One of the fundamental differences between the Islamic canon (Quran and hadiths) and the Bible is with regard to discrimination: the Islamic texts explicitly, categorically, and emphatically command soldiers to fight combatants on the battlefield only, and totally forbid targeting and killing innocent civilians (women, children, the elderly, the decrepit, etc.). On the other hand, the Bible is replete with verses in which God Himself commands the believers to target and kill innocent civilians.
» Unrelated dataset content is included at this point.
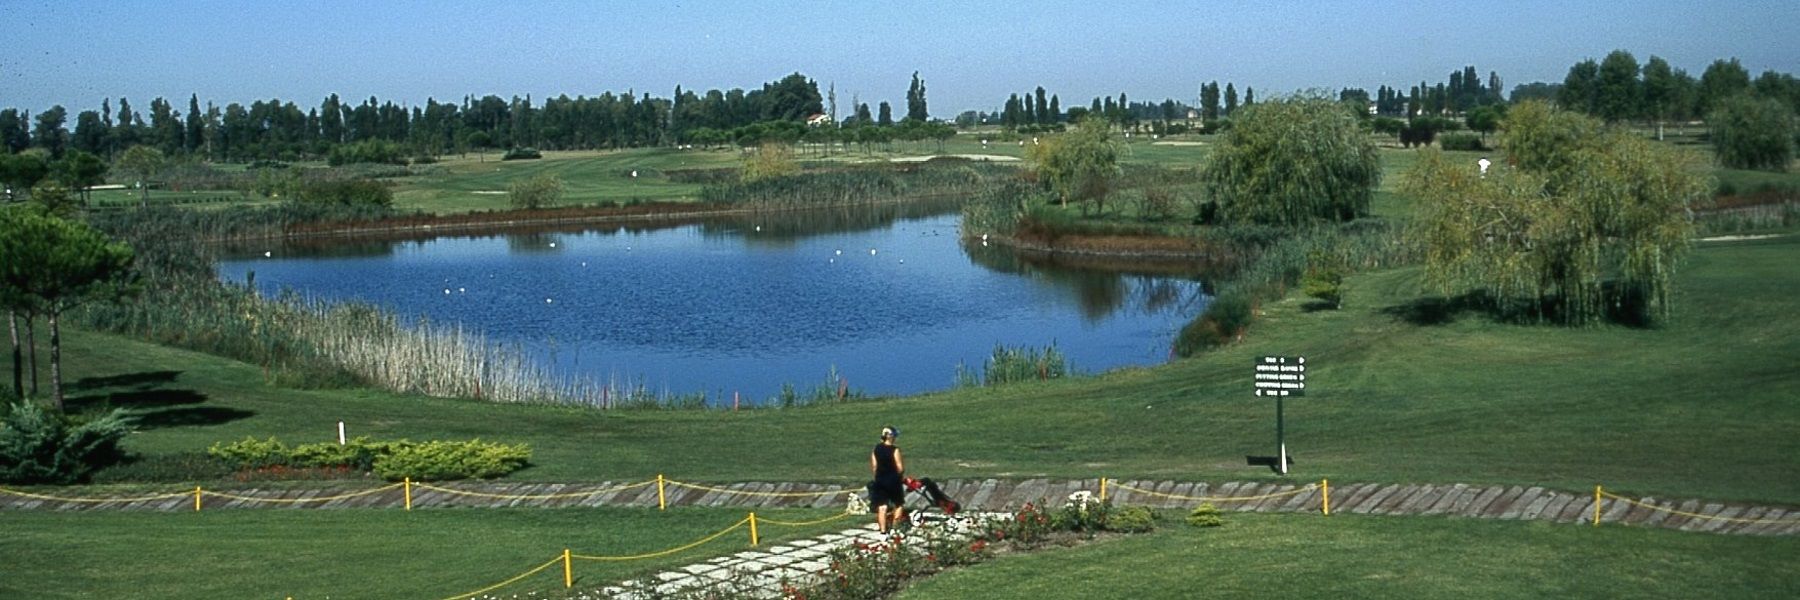 Adriatic Golf Club Cervia - August Calendar

In fact, the God of the Bible becomes very upset with those of his followers who fail to complete acts of ethnic cleansing and genocide.

It is perhaps no big surprise then that one of the main ways in which the “classical” and so-called “orthodox, mainstream views” of the Islamic tradition differ from those in the Jewish tradition is with regard to discrimination: the Islamic tradition forbids its followers from targeting and killing civilians, whereas the Jewish counterpart permits it.

Rabbi Norman Lamm, convenor of the Orthodox Forum

Every year leading Orthodox Jewish luminaries from around the world–including “rashei yeshivah[deans of Talmudical academies], rabbis, educators and academicians from America and Israel”–flock to The Orthodox Forum to discuss “a single topic affecting the Jewish world.”  In 2004, the topic of choice was “War and Peace,” which was chosen due to “the United States’ involvement in Iraq” and “Israel’s ongoing war with terrorism” (quotes from p.xiii of War and Peace in the Jewish Tradition).

After these influential experts discussed the issues surrounding “war and peace,” they published their discussion in the fourteenth volume of “the Orthodox Forum Series” in a book entitled War and Peace in the Jewish Tradition.  As such, this book does not merely reflect the views of one or two Jewish authors.  Instead, it “brings together the thinking of a wide range of distinguished American and Israeli academicians and religious leaders from various disciplines, to shed light on the historical, philosophical, theological, legal and moral issues raised by military conflict and the search for peaceful resolution” (p.xi) with the goal of appreciating “the relevance of Jewish sources in approaching contemporary challenges” (p.xii).

[Note: Throughout this article series, readers should assume all emphasis is mine, unless otherwise indicated.  Also note that Rabbi is abbreviated to R., as is the accepted convention.]

Reading this very authoritative book, written by the brightest minds of Orthodox Judaism, I came to appreciate at least five major ways in which Halakha (Jewish law) permits shedding the blood of innocents–at least five major exceptions to the law of discrimination.

The reader should keep in mind that these five different exceptions have nothing to do with “collateral damage,” the incidental or unintended killing of civilians, which is generally accepted by international law (with some important caveats).  Instead, these five exceptions have to do with targeting and killing civilians.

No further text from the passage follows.